2.3. L'appréhension au sens de l'art. 215 CPP ne suppose pas d'emblée, au contraire de l'arrestation provisoire, que la personne concernée soit soupçonnée d'un délit (cf. ATF 139 IV 128 consid. 1.2 et ATF 142 IV 129 consid. 2.2). Lors d'une appréhension, parfois aussi appelée contrôle d'identité, la police restreint passagèrement la liberté de mouvement de personnes dans l'exercice de son droit d'investigation. Cette mesure lui permet d'établir l'identité d'une personne et de déterminer si elle a commis une infraction ou si elle a un lien quelconque avec celle-ci, pour avoir par exemple vu quelque chose ou pour se trouver en possession d'objets recherchés (Message du Conseil fédéral du 21 décembre 2005 relatif à l'unification du droit de procédure, FF 2006 1057, pp. 1205 et 1206).
2.4. Si la personne appréhendée ne se conforme pas à ses devoirs, découlant de l'art. 215 al. 2 let. b à d CPP, de présenter ses papiers d'identité, les objets qu'elle transporte avec elle, ainsi que d'ouvrir ses bagages ou son véhicule, la police a le droit de perquisitionner les vêtements, les objets qu'elle a sur elle, les bagages et les véhicules sans mandat de perquisition du Ministère public, aux conditions de l'art. 241 al. 3 CPP en relation avec l'art. 250 CPP. Ces perquisitions se limitent à la garantie des buts de l'appréhension au sens de l'art. 215 al. 1 CPP. Dans ce sens également, la police, en application de l'art. 241 al. 4 CPP, a le droit de fouiller la personne appréhendée sur la base de sa compétence propre, pour des raisons de sécurité, dans le but d'éloigner un danger (ATF 139 IV 128 consid. 1.2 et 1.3 ; arrêt du Tribunal fédéral 7B_102/2024 du 11 mars 2024 consid. 2.4.3).

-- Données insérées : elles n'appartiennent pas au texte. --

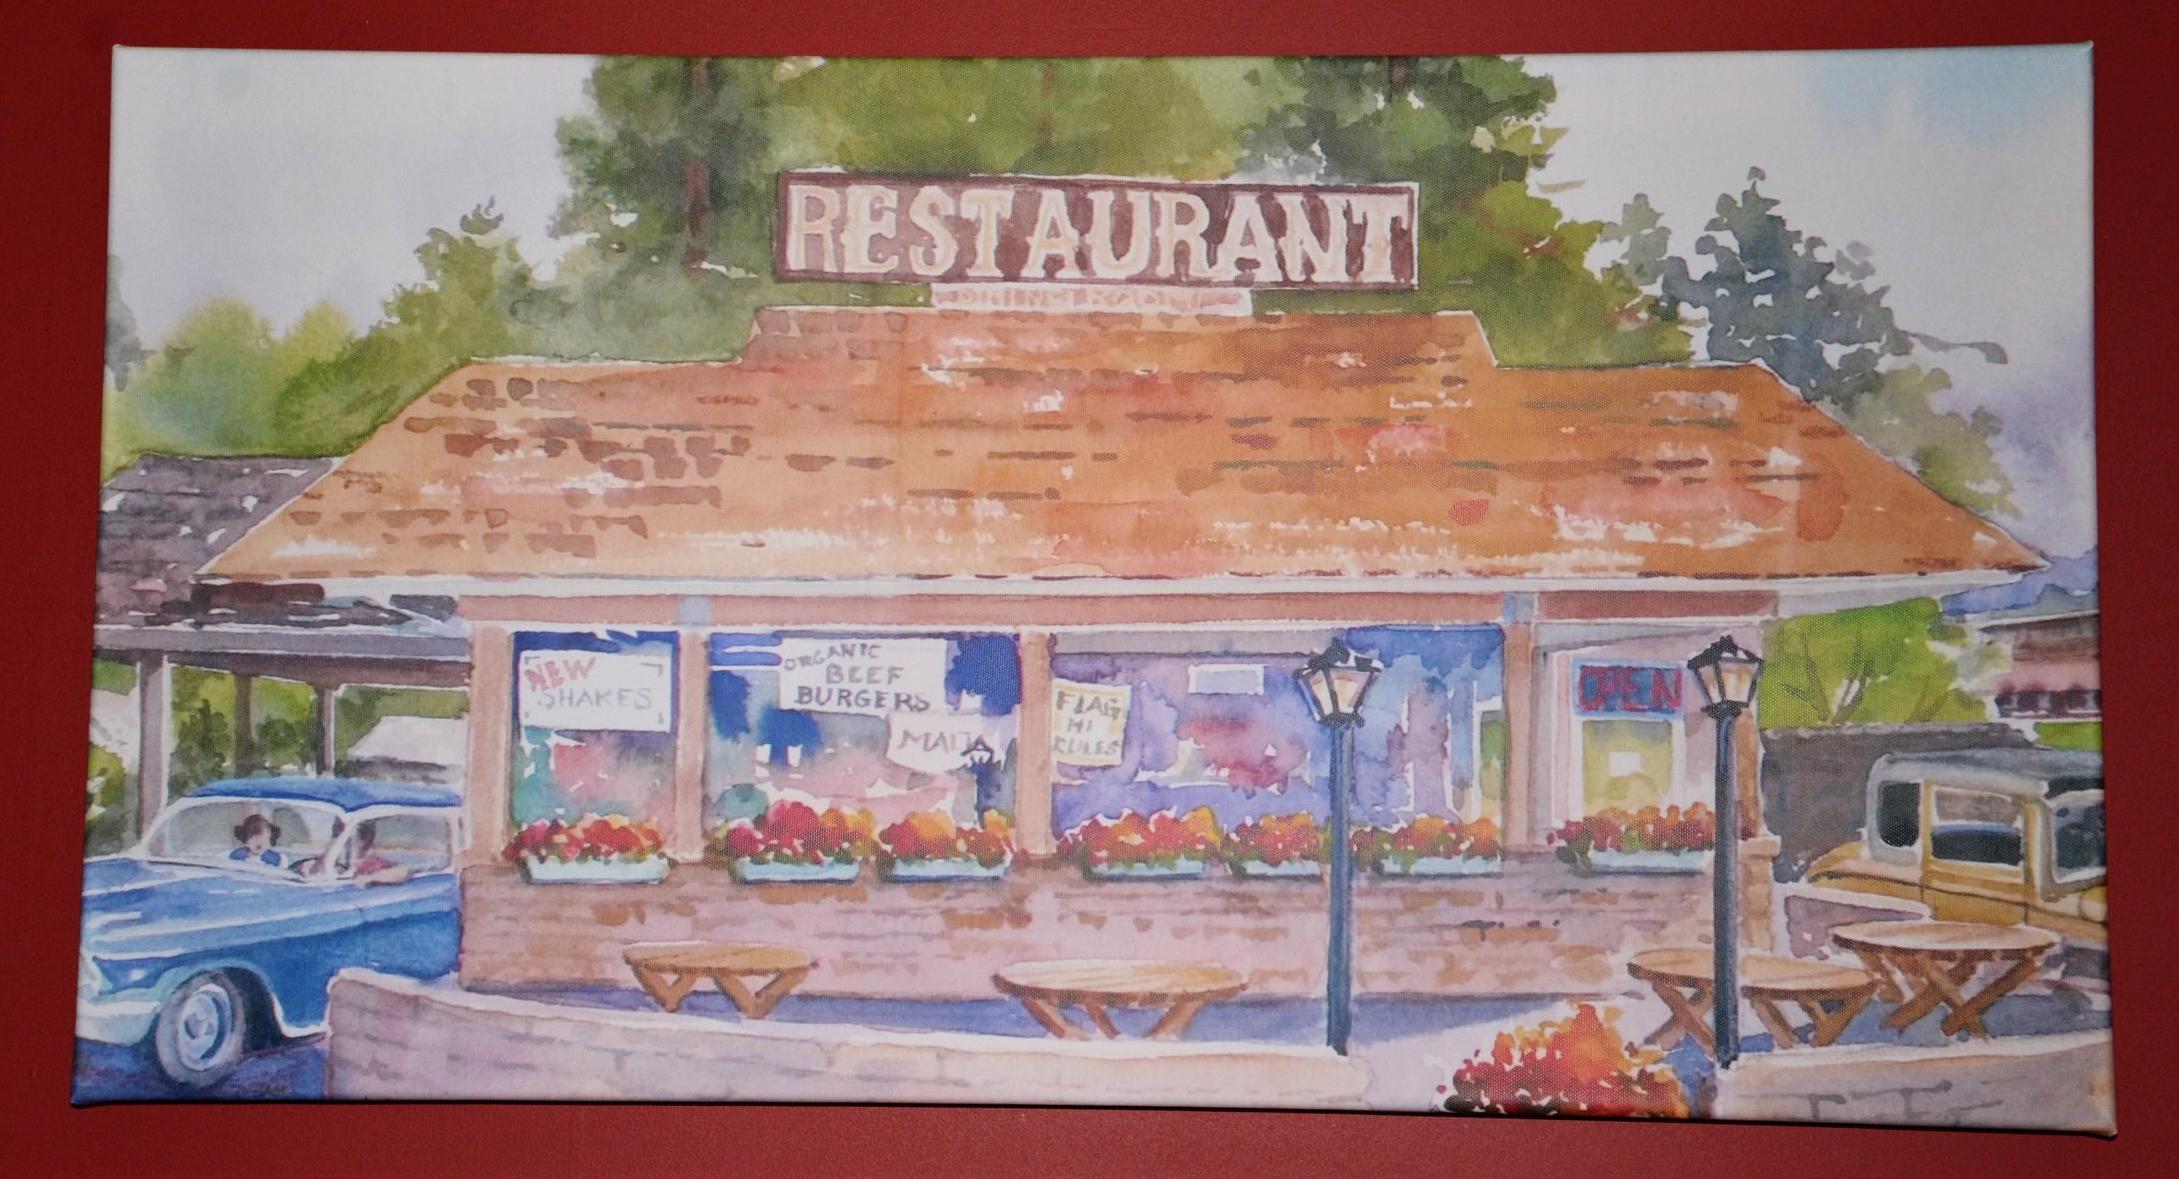 Mrs.Browns Burger Bar

2.5. L'appréhension à des fins d'investigations pénales au sens de l'art. 215 CPP requiert donc un vague soupçon de commission d'infraction et se distingue des contrôles de police préventifs et de sécurité, lesquels trouvent leurs fondements dans les lois cantonales de police (arrêt du Tribunal fédéral 6B_1297/2017 du 26 juillet 2018 consid. 2.4.1).
2.6. Selon l'art. 45 al. 1 de la loi genevoise sur la police (LPol), celle-ci exerce ses tâches dans le respect des droits fondamentaux et des principes de légalité, de proportionnalité et d'intérêt public.
2.7. L'art. 47 LPol autorise les membres autorisés du personnel de la police d'exiger de toute personne qu'ils interpellent dans l'exercice de leur fonction qu'elle justifie de son identité (al. 1). Si la personne n'est pas en mesure de justifier de son identité et qu'un contrôle supplémentaire se révèle nécessaire, elle peut être conduite dans les locaux de la police pour y être identifiée (al. 2). L'identification doit être menée sans délai ; une fois cette formalité accomplie, la personne quitte immédiatement les locaux de la police (al. 3).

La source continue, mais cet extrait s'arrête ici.